We received a call from a nice lady who found a GSD near Nashville. Apparently he has heartworms (is already coughing a bit) and she does not have the resources to get him treated. 

Does anyone know of a rescue group, or humane society down that way that might be able to help her? 

Thanks in advance for any info.


----------



## Smithie86 (Jan 9, 2001)

email me


----------



## Remo (Sep 8, 2004)

Hi,

You are over your limit for PMs. 

Thanks!

Lea


----------



## Smithie86 (Jan 9, 2001)

Lea,

Send me an email in my profile!


----------



## Remo (Sep 8, 2004)

Hi,

Thanks for the reply!

Someone else has contacted this woman and here is her reply. Also, it sounds like he is a mostly GSD, but not a purebred. 
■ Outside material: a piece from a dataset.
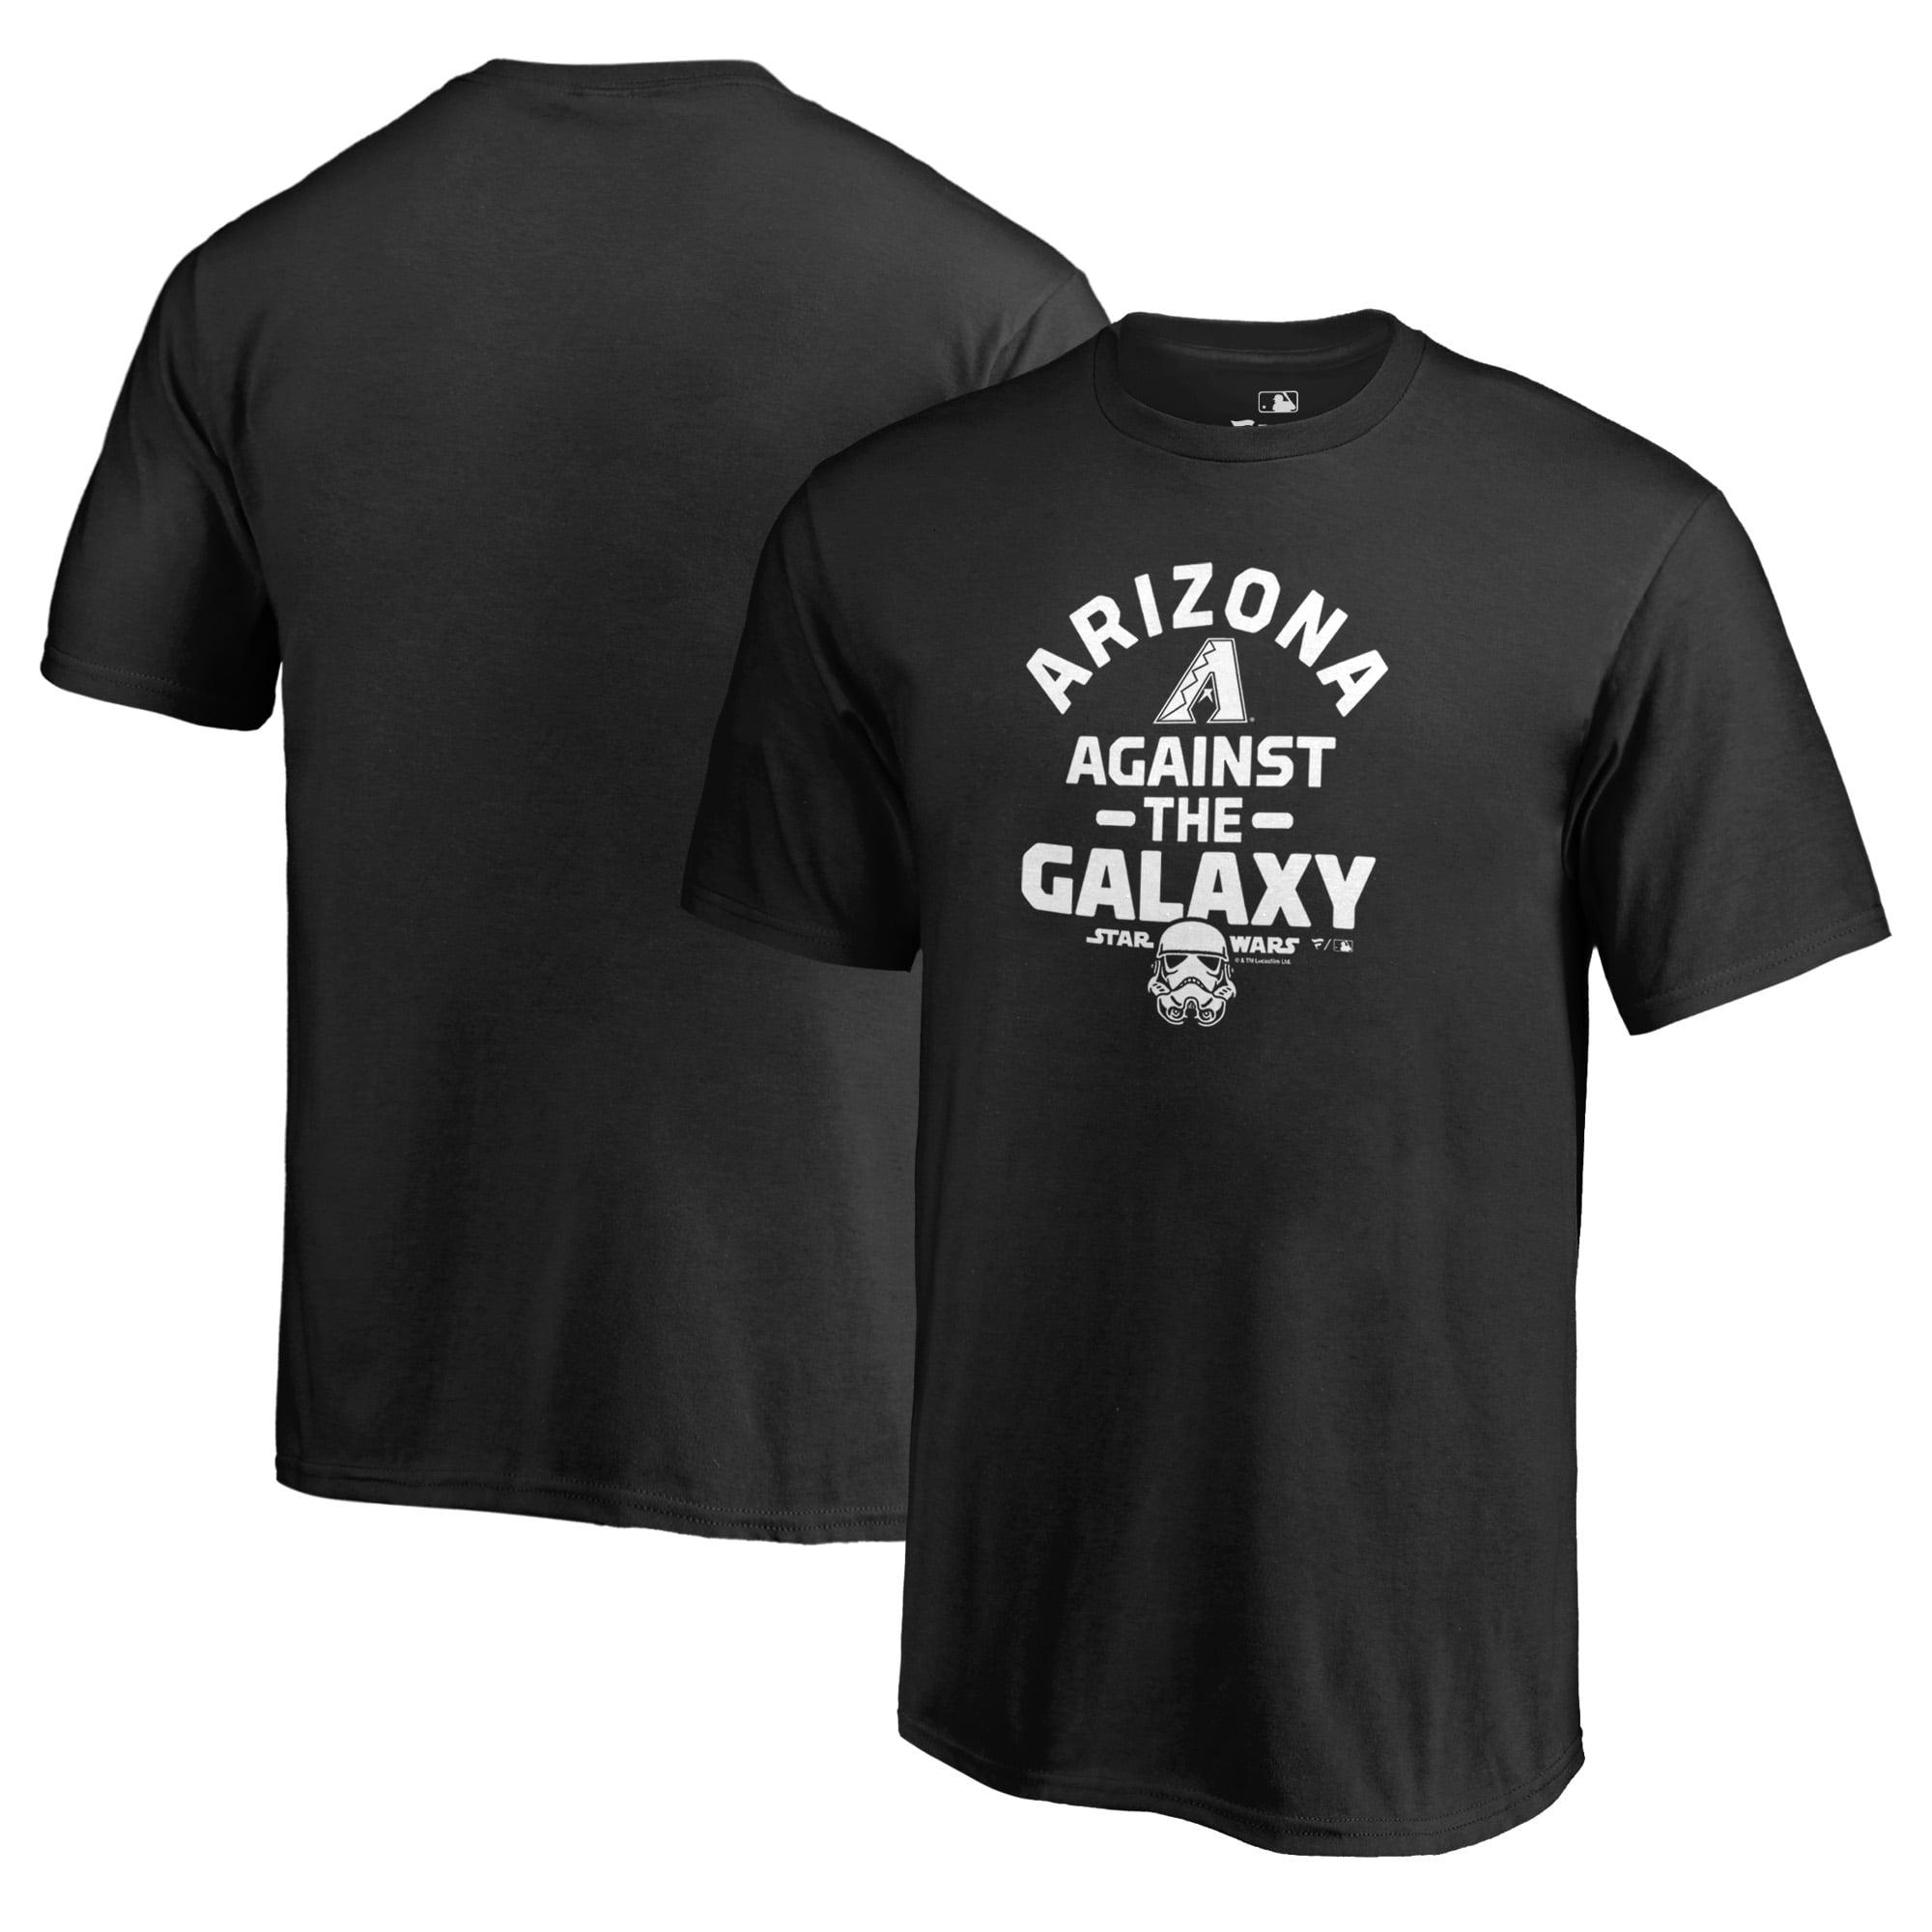 Arizona Diamondbacks Fanatics Branded Youth MLB Star Wars Against The Galaxy T-Shirt - Black

The woman who has the dog is Dottie Williams and her number is 615 881 3446. It does not sound like a very promising situation from the information below. 

Lea



I called and spoke with Dottie. She now has decided that she cannot even keep the boy. I have given her some suggestions regarding his placement and ideas of options for hw treatment funding. Apparently he has some temperament issues as well... it will not be very easy for her to place a hw positive boy that has issues though... Honestly she doesn't really like the dog that much and it is very apparent talking to her. She is afraid he will bite her... She is a vet tech so I would think she is giving an accurate description of him, however I recommended that she get him evaluated by a professional... there's just no way someone is going to adopt a pup the way she describes him right now. Not sure how this one is going to turn out. I offered to send out a plea for the pup after he was checked out if he is indeed non aggressive... we'll see if she follows through. She didn't say this but I got the impression she was ready to be done with him so not sure if any of that will happen. I'll send you the email plea if it ever gets sent to me... 


Regards,
Price


----------



## Smithie86 (Jan 9, 2001)

Price was one of the people I was thinking about.


----------